La CDHR 2026 vise certains foyers au-delà de 250 000 € ou 500 000 € de RFR si leur imposition moyenne reste sous 20 %. Voici ce qu'un bailleur doit vérifier.

Éditeur du blog Locadia

Publié le 15 avril 2026 10 min de lecture Mis à jour le 15 avril 2026 Relu le 15 avril 2026
Ordinateur portable, calculatrice et carnet sur un bureau de travail

Depuis le 15 avril 2026, Service-Public confirme que la contribution différentielle sur les hauts revenus (CDHR) est maintenue pour 2026. Dit comme cela, beaucoup de bailleurs passent immédiatement à côté du vrai sujet. La bonne question n’est pas: “mes loyers sont-ils visés ?” La bonne question est plutôt: “mon foyer fiscal, avec mes revenus locatifs et le reste, risque-t-il de passer sous la loupe d’une imposition minimale de 20 % ?”

C’est un point utile pour les propriétaires qui cumulent loyers, salaires, dividendes, plus-values ou autres revenus. La CDHR ne crée pas une surtaxe spéciale “immobilier”. En revanche, vos revenus locatifs s’ajoutent au reste du foyer et peuvent contribuer à faire dépasser les seuils de 250 000 € pour une personne seule ou 500 000 € pour un couple imposé en commun.

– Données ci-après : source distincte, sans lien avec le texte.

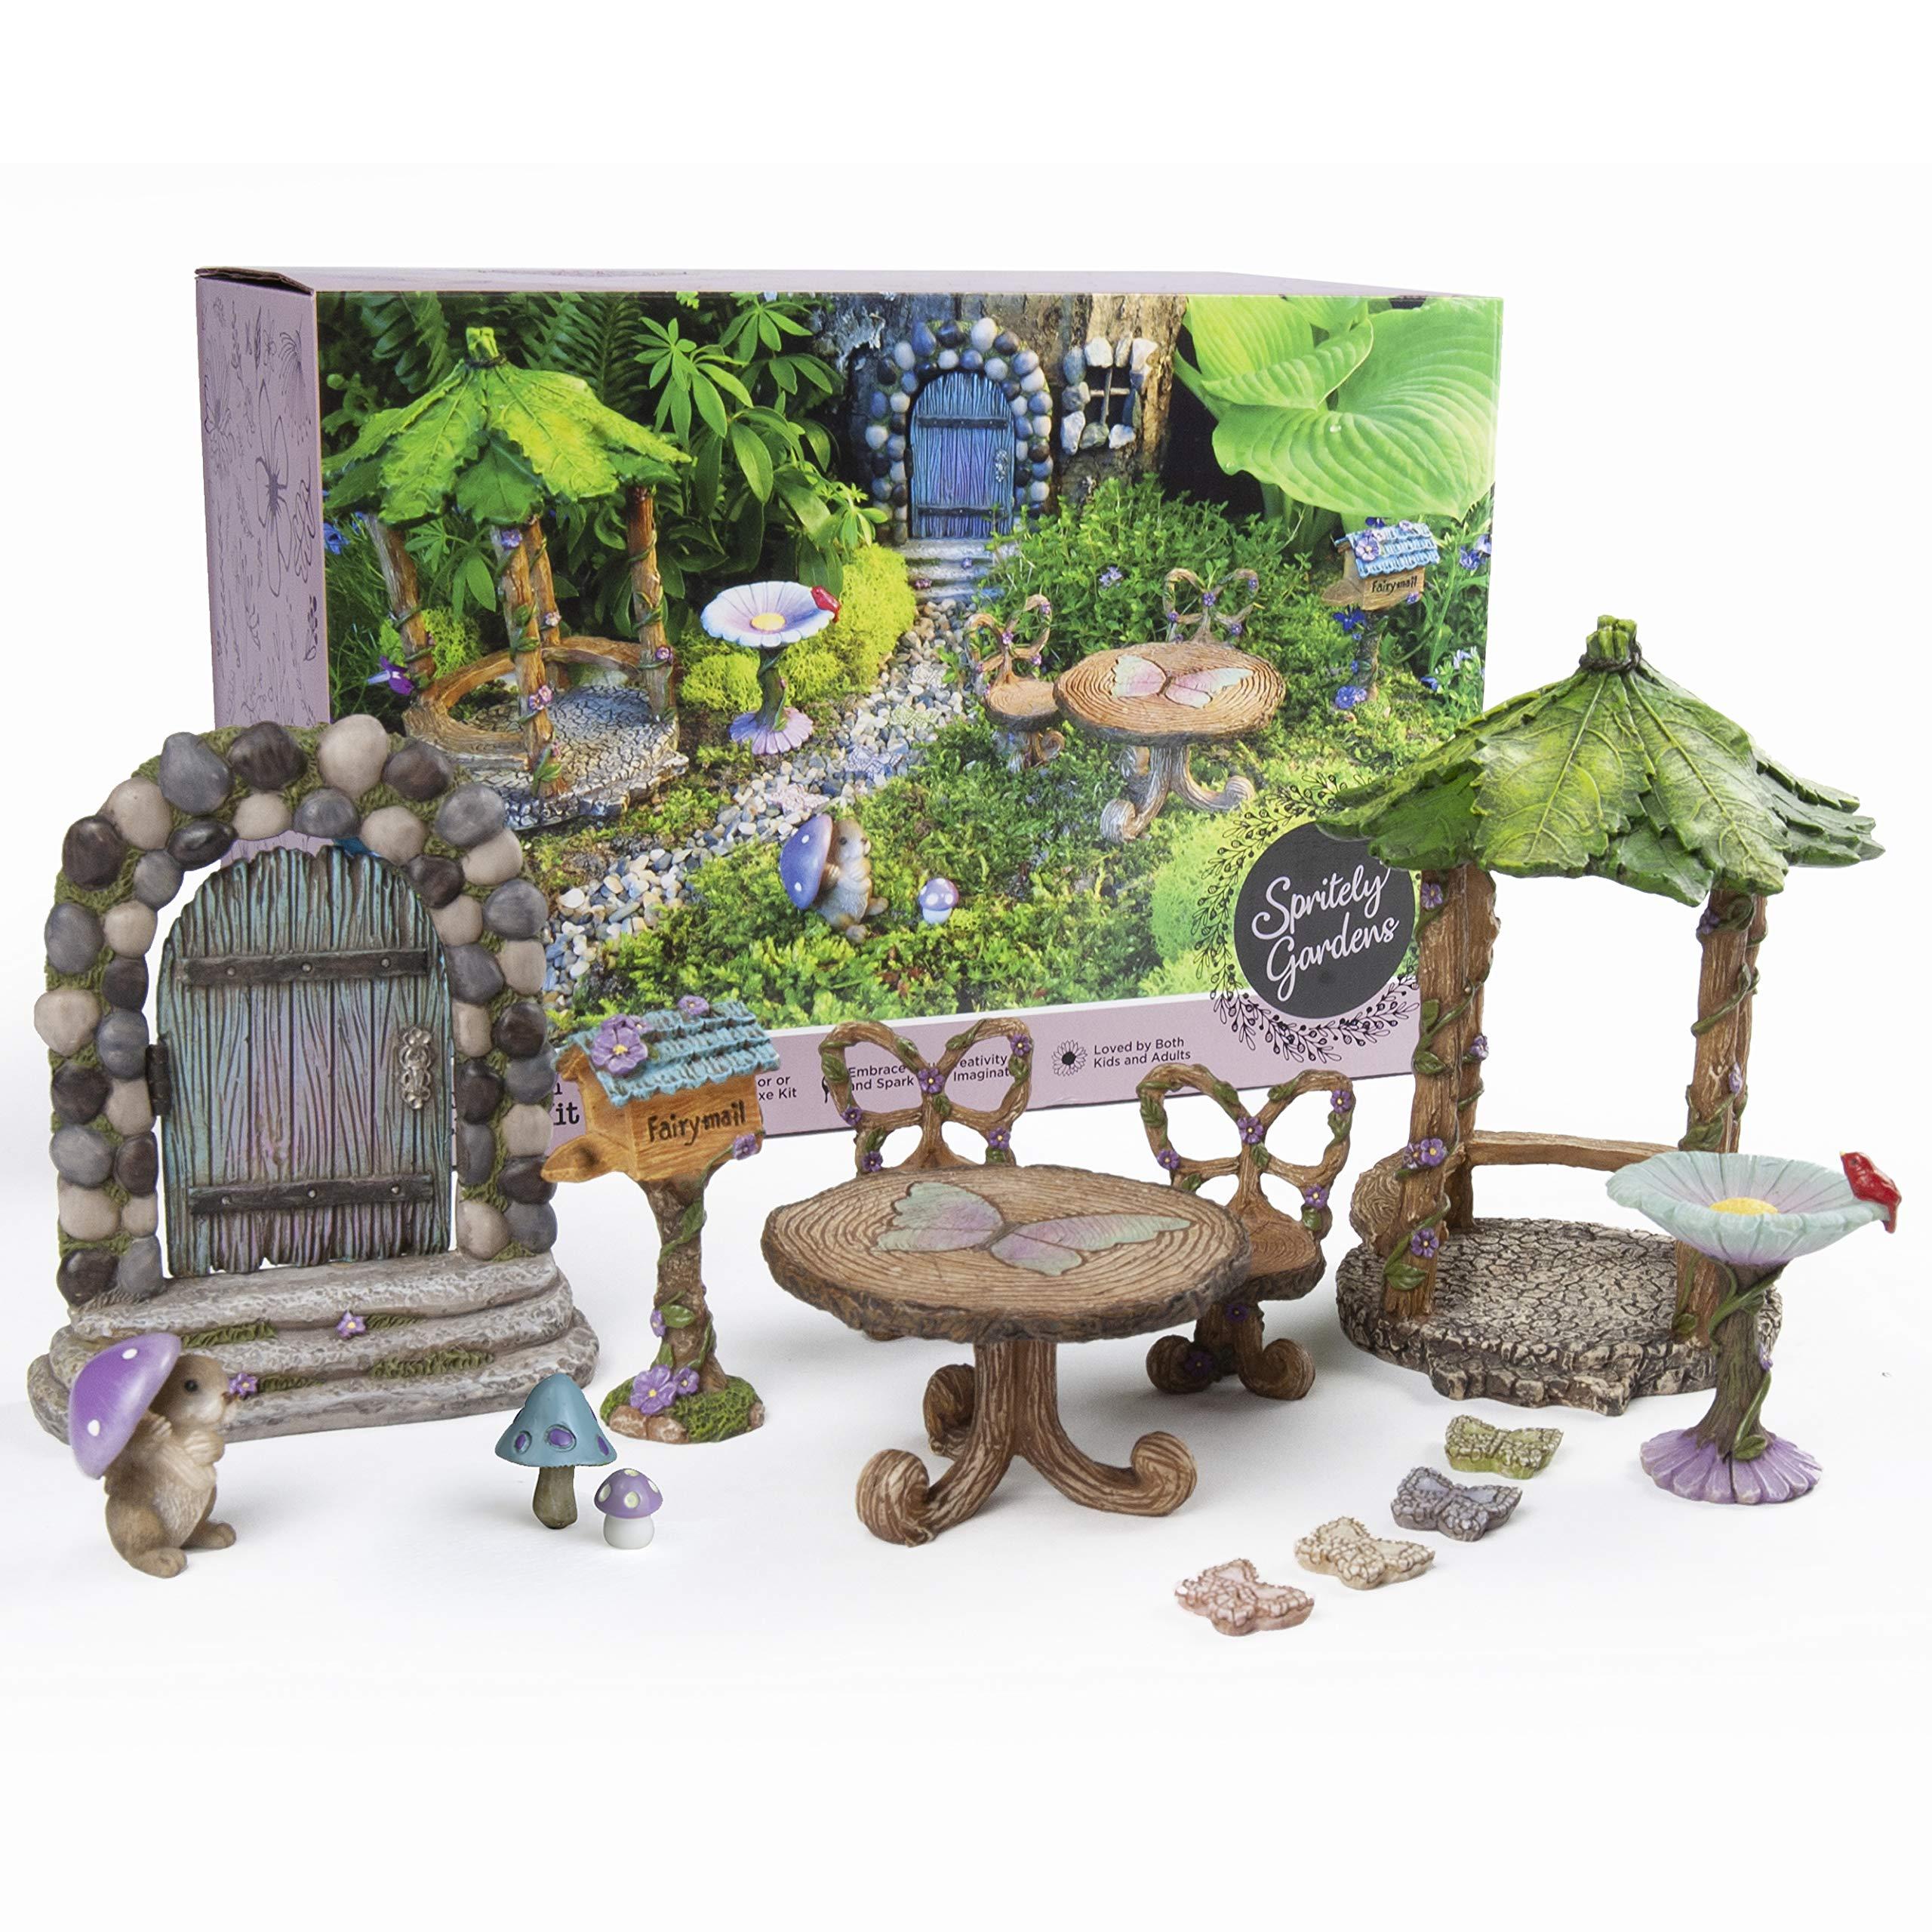 Spritely Gardens Deluxe Fairy Garden Kit with Accessories Indoor/Outdoor 14-Piece Toy Fairy Garden Miniatures - Fairy Garden Decorations Set Makes a Great Gift for Girls

Et si le taux moyen d’imposition du foyer reste inférieur à 20 %, une contribution complémentaire peut s’ajouter.

Si votre enjeu du moment est d’abord de choisir le bon régime pour vos loyers 2025, gardez aussi sous la main Déclaration 2026 d’une location vide: micro-foncier ou réel ? et Déclaration 2026 LMNP: micro-BIC ou réel en location meublée longue durée ?. La CDHR vient par-dessus cette réflexion: elle ne remplace pas le choix du régime, elle ajoute un filtre à l’échelle du foyer.

À retenir en 30 secondes

Un bailleur n’est concerné par la CDHR ni parce qu’il loue, ni parce qu’il dépasse un certain montant de loyers. Le premier filtre est le revenu fiscal de référence du foyer: plus de 250 000 € si vous êtes seul, plus de 500 000 € si vous êtes marié ou pacsé et imposé en commun. Le second filtre est le taux moyen d’imposition: la contribution ne s’applique que si l’imposition moyenne du foyer reste inférieure à 20 %. Pour les revenus 2026, l’acompte éventuel devra être déclaré et payé entre le 1er et le 15 décembre 2026.

1. Le bon filtre pour un bailleur: le RFR du foyer, pas le montant des loyers seul

Le point de départ n’est pas votre rentabilité locative, ni le total des loyers encaissés. C’est le revenu fiscal de référence (RFR) du foyer.

Service-Public rappelle que le RFR est calculé à partir de l’ensemble des revenus déclarés du foyer, avec certains retraitements. Il peut intégrer des éléments qu’on oublie facilement quand on raisonne seulement “immobilier”: certains revenus exonérés, certains revenus soumis à prélèvement libératoire, certains abattements réintégrés, ainsi que des plus-values immobilières taxables.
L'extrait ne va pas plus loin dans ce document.